Electronic Arts’ Star Wars: The Old Republic has a chance to grow to more than 1 million long-term paying subscribers, according to an analysis of usage figures by DFC Intelligence and the Xfire gaming social network.

The game is one of the most ambitious video games ever made with a reported $200 million development budget spent over six years by EA’s BioWare division. It debuted as a massively multiplayer online role-playing game on Dec. 20. While high-end subscriptions games have suffered with the rise of free-to-play games, where users play for free and pay real money for virtual goods, DFC believes Star Was has a chance.

If the game gets beyond 1 million users, EA will be well on its way toward recouping the investment and making a profit from the whole enterprise, which is one of the biggest gambles in video game history.

DFC surveyed more than 4,000 Xfire users in January and has reviewed usage numbers of Xfire users.
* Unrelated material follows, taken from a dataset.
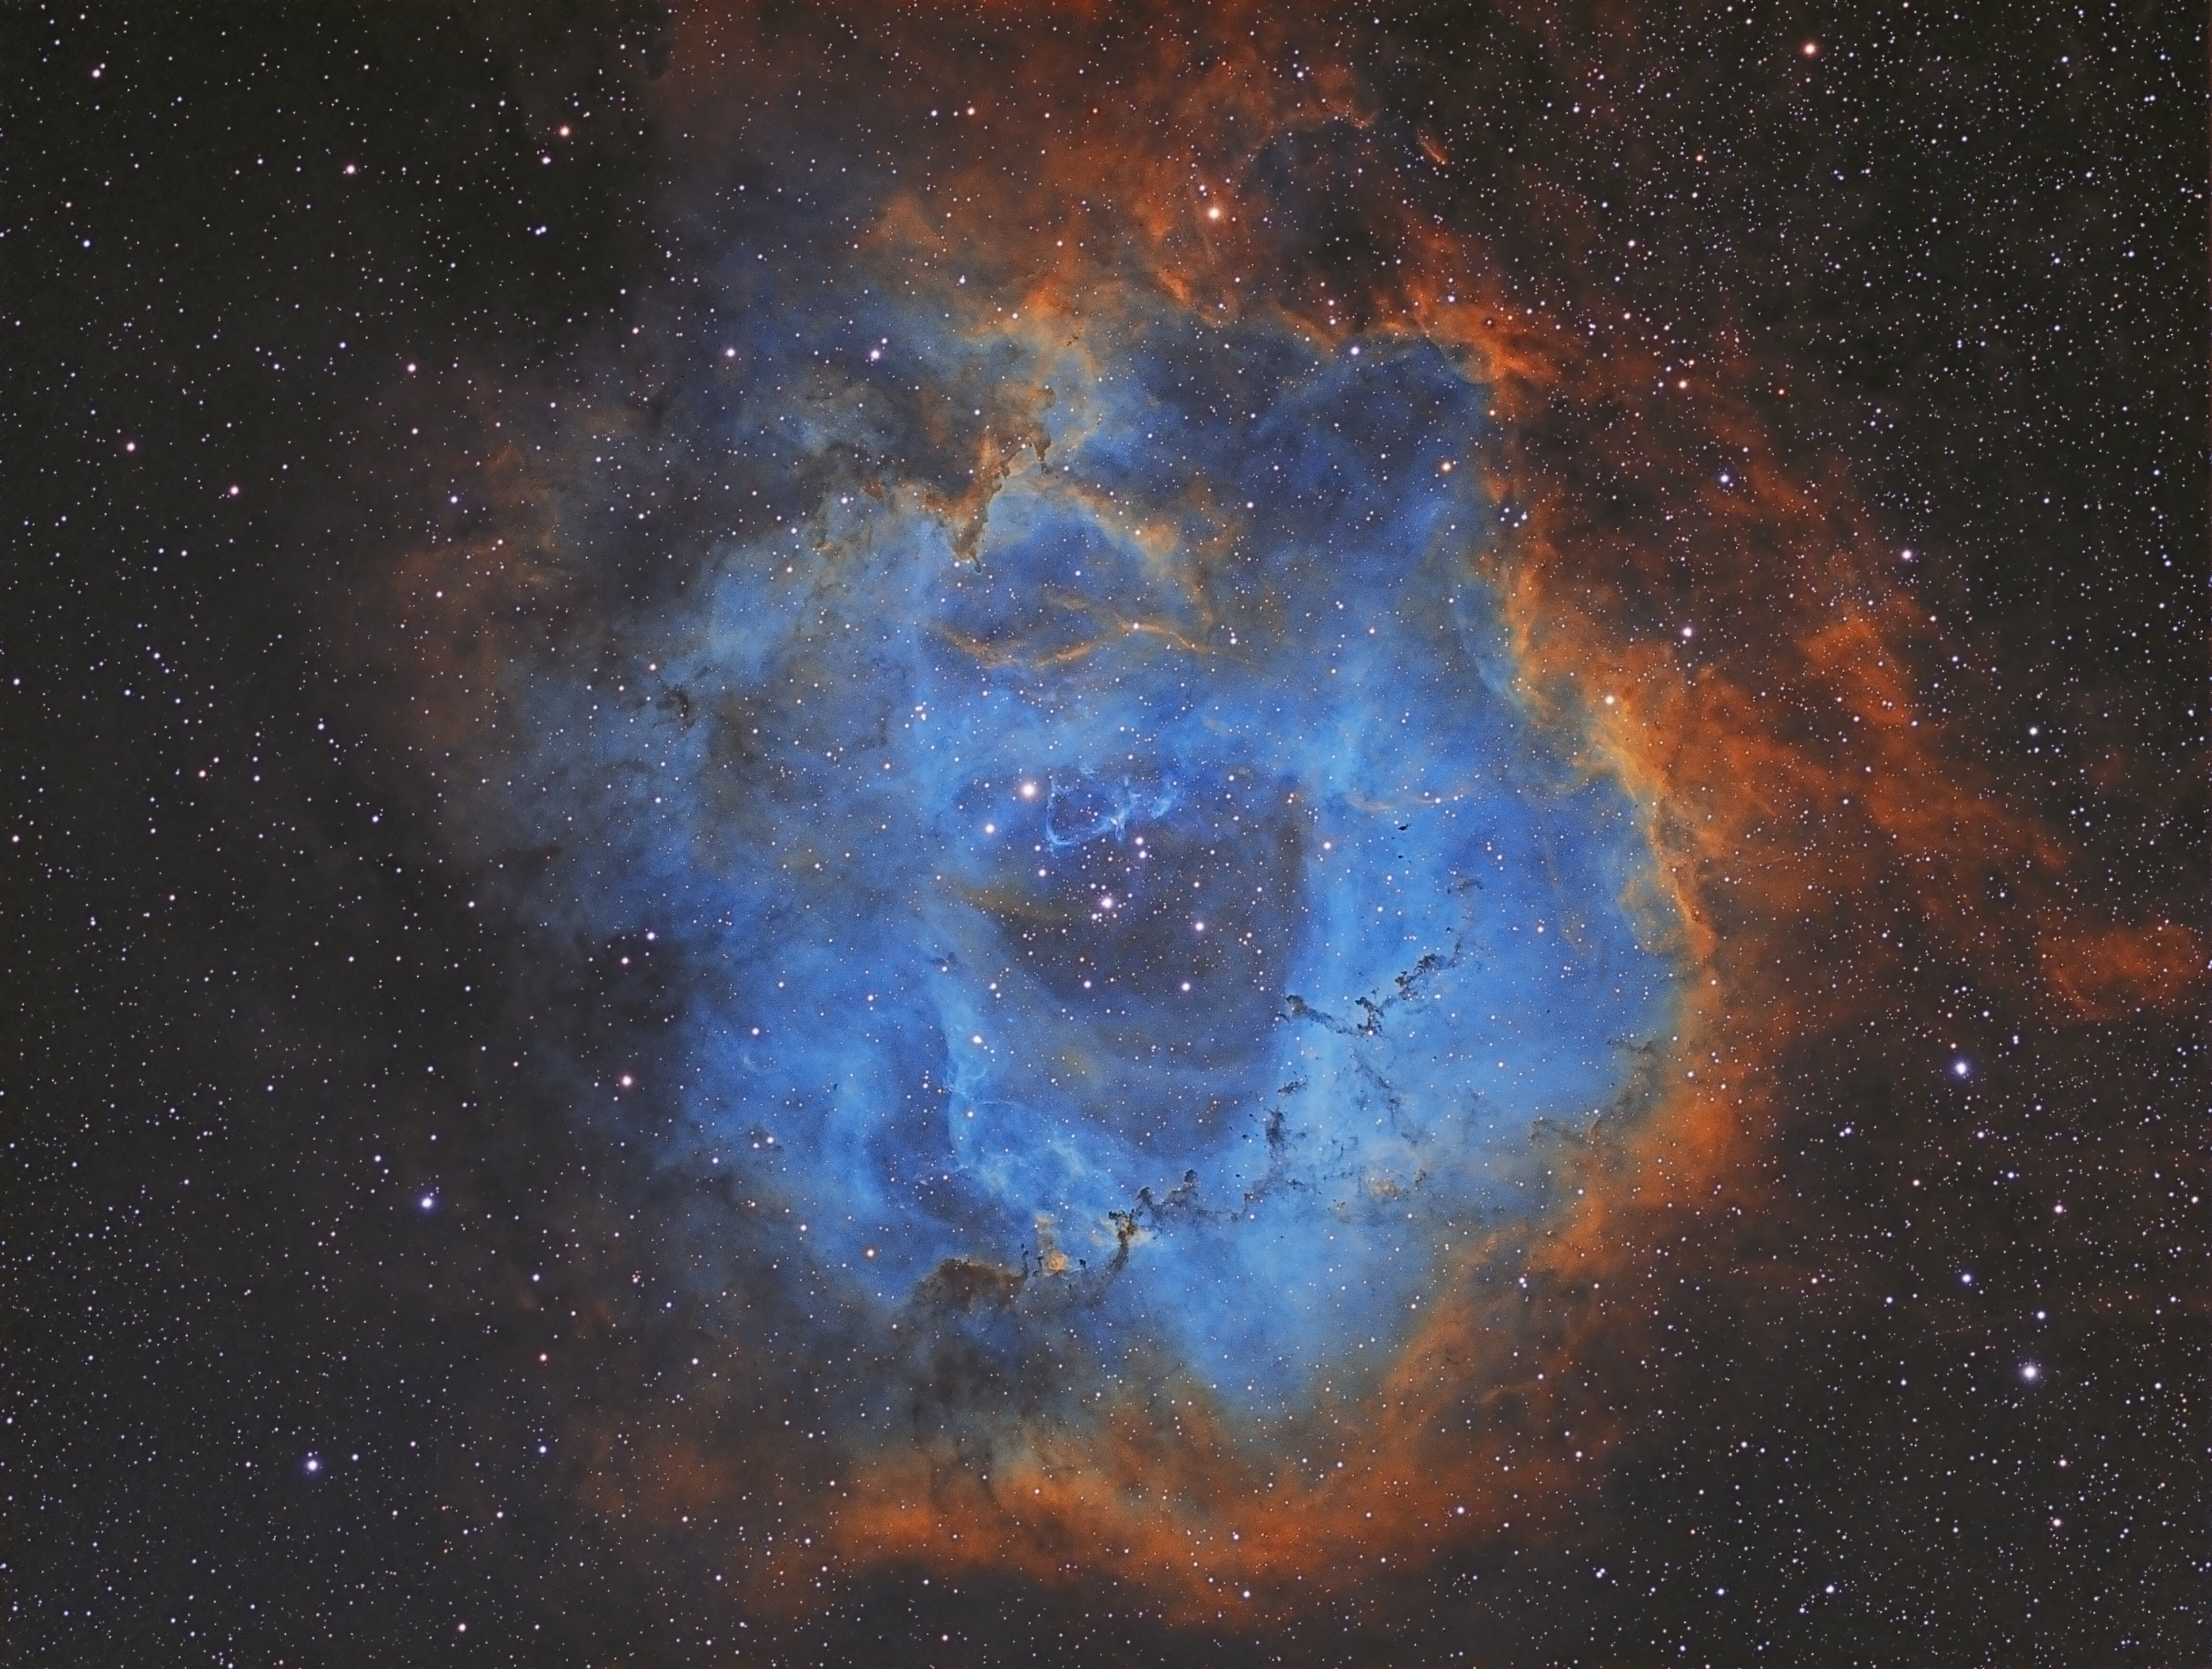 Ngc 2244 Open Cluster & Rosette Nebula In Monoceros

DFC believes the game could reach more than one million people who would pay the game’s $15 a month fee for more than six months.

“The current trend among large massively multiplayer online games is to have strong initial sales, after which users quickly lose interest and are not converted to long-term paying subscribers.” said DFC Intelligence analyst Jeremy Miller.

By contrast, Activision Blizzard’s blockbuster game World of Warcraft has maintained a large subscriber base since its release in 2004. The data on Star Was is still preliminary.

“While early signs are fairly positive, over the next few months the plan is to closely monitor usage and consumer reaction to gauge how well Star Wars: The Old Republic performs over time,” said Miller. “The next three to six months will be critical to determine if the game can attract a large and sustained paying subscriber base.”

Xfire’s user numbers can be an indicator for the popularity of titles, as Xfire users give their permission for their game playing to be tracked.